After months of rumours and speculation, EA has confirmed that a premium service in the same vein as Call of Duty Elite will be launching on June 4.
Hang on a second, could you repeat that please?
That's right folks, for $79.99 AUD you will gain access to Battlefield Premium, a new service that offers a boatload of new or improved features for paying customers. Before we get into the nitty gritty of why this is absolutely preposterous, I'll quickly layout the features for you in dot point form.
- 2 weeks early access to all future Battlefield 3 expansion packs, starting with Close Quarters
- Unique in-game knife
- Unique in-game dog tags
- 10+ unique soldier camos
- Unique weapon camos
- Stats reset feature
- 10+ unique Platoon emblem decals
- Increased Platoon emblem layers
- Server queue priority
- Save up to five of your favourite Battle Reports
- 5+ unique Assignments
- Exclusive events
- Exclusive Double XP weekends
- Exclusive videos
- Strategy guides
- Additional bonus content
There are currently five DLC packs planned for Battlefield 3, and with Close Quarters retailing at $23.95, it's easy to see how the premium service will actually save you money in the long run. The content or value isn't the issue here, it's the fact that during the smear campaign between EA and Activision in the lead up to Battlefield 3 and Call of Duty: Modern Warfare 3, one of the biggest selling points was Battlelog and the fact that it was 100% free of charge.

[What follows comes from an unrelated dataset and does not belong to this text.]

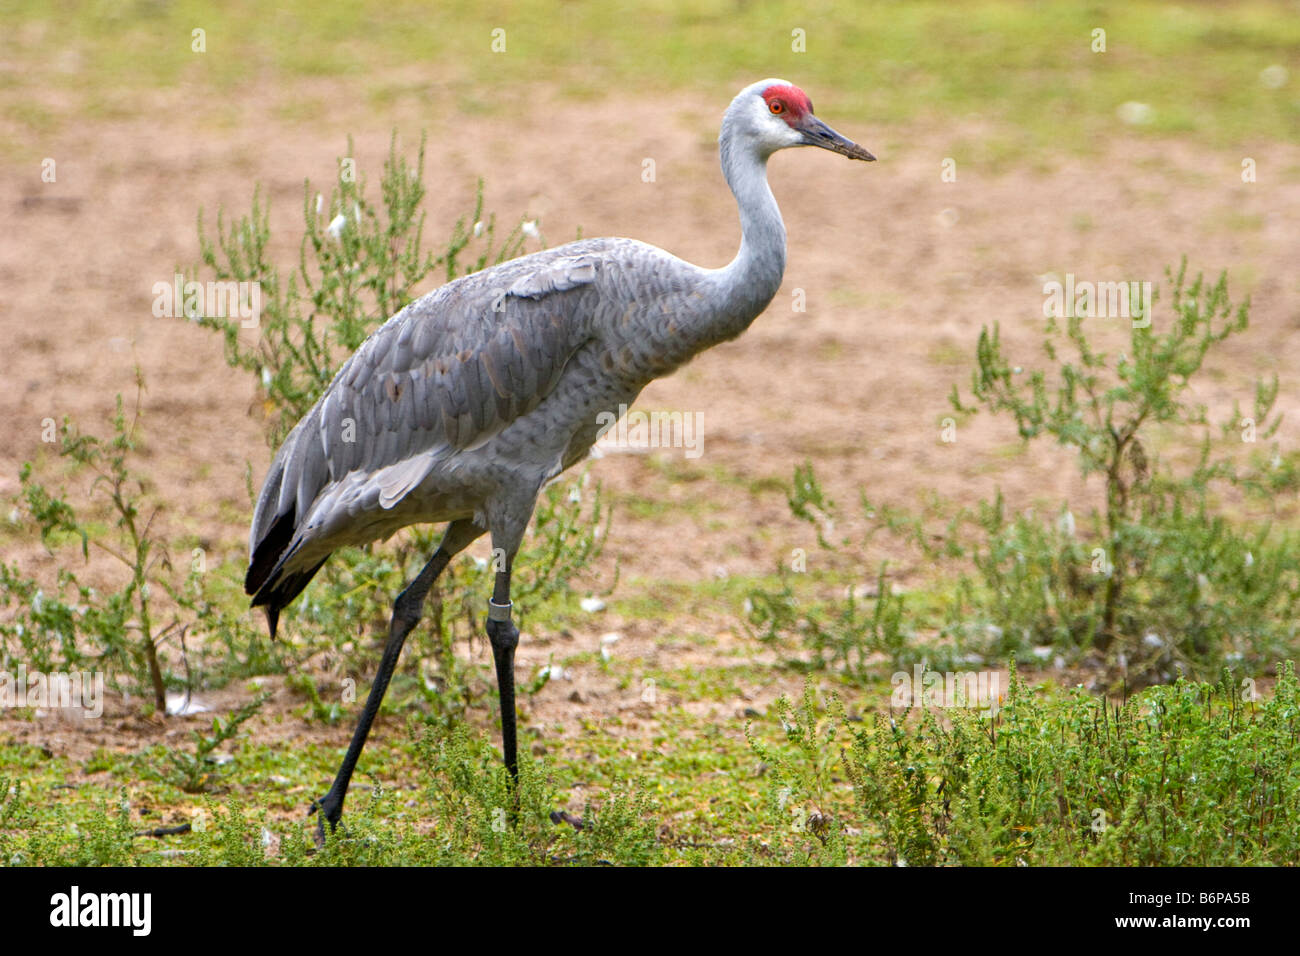 A Sandhill Crane forages for food September 23 2008 Stock Photo

While gamers will still have access to Battlelog in its current state, when the marketing campaign for a title goes out of it's way to berate and disparage the opposition, due to the fact that they were charging consumers for the exact same thing seems a little hypocritical at best.
If you can't beat 'em, join 'em. Isn't that how the old saying goes? It was recently reported that Call of Duty Elite had 10 million users worldwide, with 2 million of them handing over their yearly subscription fees to access the premium features. While the price of the service does vary from country to country, based upon the US pricing for the premium members, Activision has netted $99.98 million as a result of their 2 million paying customers. Not bad for a service that was met with considerable backlash from gamers.
That's a considerable chunk of revenue from Elite subscriptions alone, not to mention those who pick up the DLC as a standalone purchase, or the fact that Modern Warfare 3 sold a proverbial shitload of copies.
Now EA wants a considerable slice of that pie, and while you can't particularly blame them considering the success of their major competitor, it goes against everything that Battlelog stood for in the first place.
Don't come out and say you're offering a free service, throwing snide remarks about your opposition and their services, only to come out six months later and release the exact same thing.
Will it hurt DICE in the long run? No. Gamers will always be pulled to the massive Battlefield series, but there will be a sector of gamers who will remember this farce when the next Battlefield title comes around, and will decide to pass it up for something else.